For all the sleek minimalism of the cloud, the truth is it’s anything but light and airy. Every “AI-powered” email, every cat video, every model training run lives somewhere — and that somewhere is a data centre, roaring 24/7 with air conditioning, fans, and endless racks of servers devouring electricity like it’s an all-you-can-eat buffet.
Globally, data centres already account for around 2–3% of total energy consumption — roughly the same as the entire aviation industry — and that number is rising fast. The explosion of AI has super-charged the problem. Training a single large language model can emit as much carbon as five cars over their entire lifetimes. Add to that the water needed to cool servers (hundreds of thousands of litres per day in some hyperscale facilities), and you begin to see the darker side of our digital convenience.

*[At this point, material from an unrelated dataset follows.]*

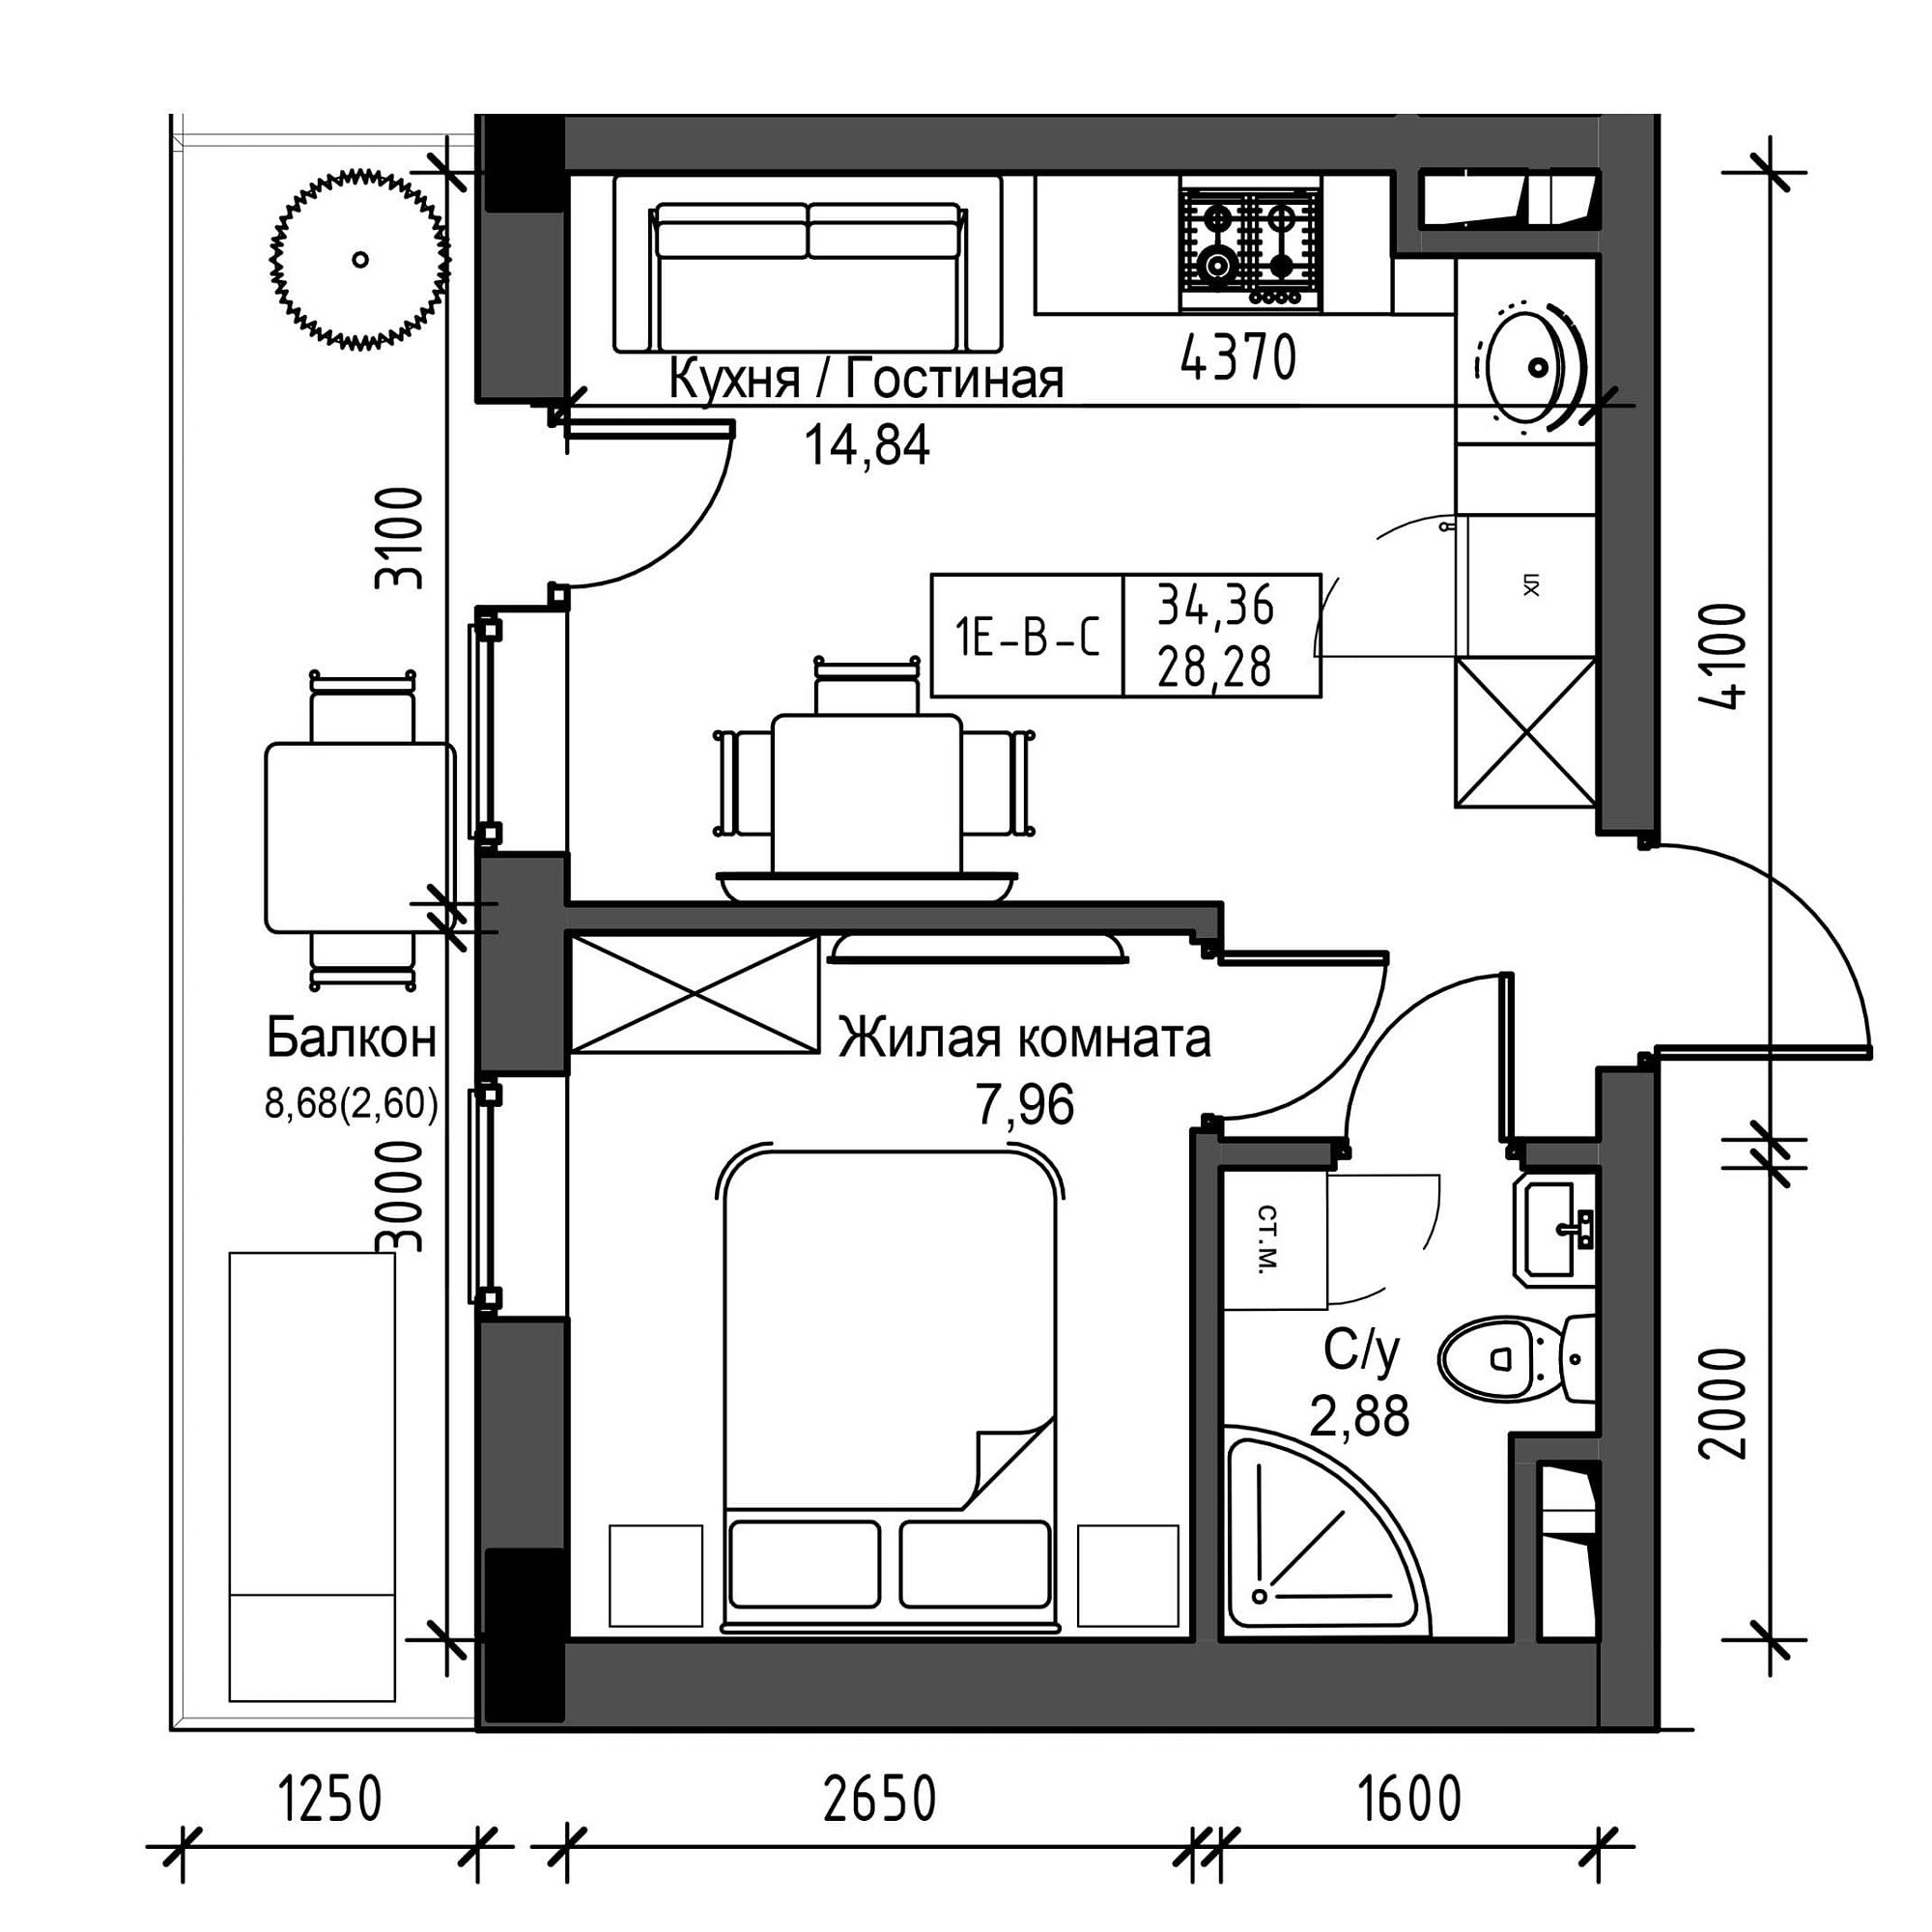 Planning 1-rm flats area 28.28m2, UM-001-05/0014.

The issue isn’t just power; it’s concentration. Centralised data centres cluster in regions where energy is cheap and regulations are lenient. That often means fossil-fuel-heavy grids or delicate ecosystems suddenly saddled with industrial-scale cooling systems. It’s the equivalent of paving paradise to host your Slack backups.
So, what’s the alternative?
The Case for Decentralisation
Imagine if, instead of mega-centres in a handful of locations, we distributed computing power across a network of smaller, localised nodes — each optimised for renewable energy, regional cooling, and load balancing.
This isn’t sci-fi. Edge computing and decentralised architectures already exist; we just haven’t scaled them for sustainability. By processing data closer to where it’s generated — say, a wind farm, a solar-powered office park, or a local telecom exchange — we can reduce both latency and long-distance energy waste. It’s like moving from industrial-era power plants to rooftop solar panels: smaller, smarter, and more resilient.
There’s also a resilience argument. A decentralised web of data nodes would be less vulnerable to outages, cyber-attacks, and geopolitical risk. Plus, it lets us match local compute demand with local renewable supply. Picture a network that automatically shifts heavy AI training loads to regions enjoying peak solar or hydro generation. Clean energy meets clean data.
A Planet-First Data Future
None of this will happen by accident. It requires rethinking how cloud providers, governments, and enterprises design their digital infrastructure. We’ll need transparent carbon reporting, incentives for distributed compute, and serious investment in edge hardware that’s both secure and efficient.
But the opportunity is huge. The same technologies that made the cloud possible — containerisation, orchestration, and agentic automation — could now make it sustainable. The next frontier isn’t just faster models or bigger GPUs; it’s a planet-aware AI ecosystem that learns to use energy intelligently, not indiscriminately.
The future of computing doesn’t have to be a climate casualty. It could be the world’s smartest clean-energy grid — if we decentralise, localise, and design it that way.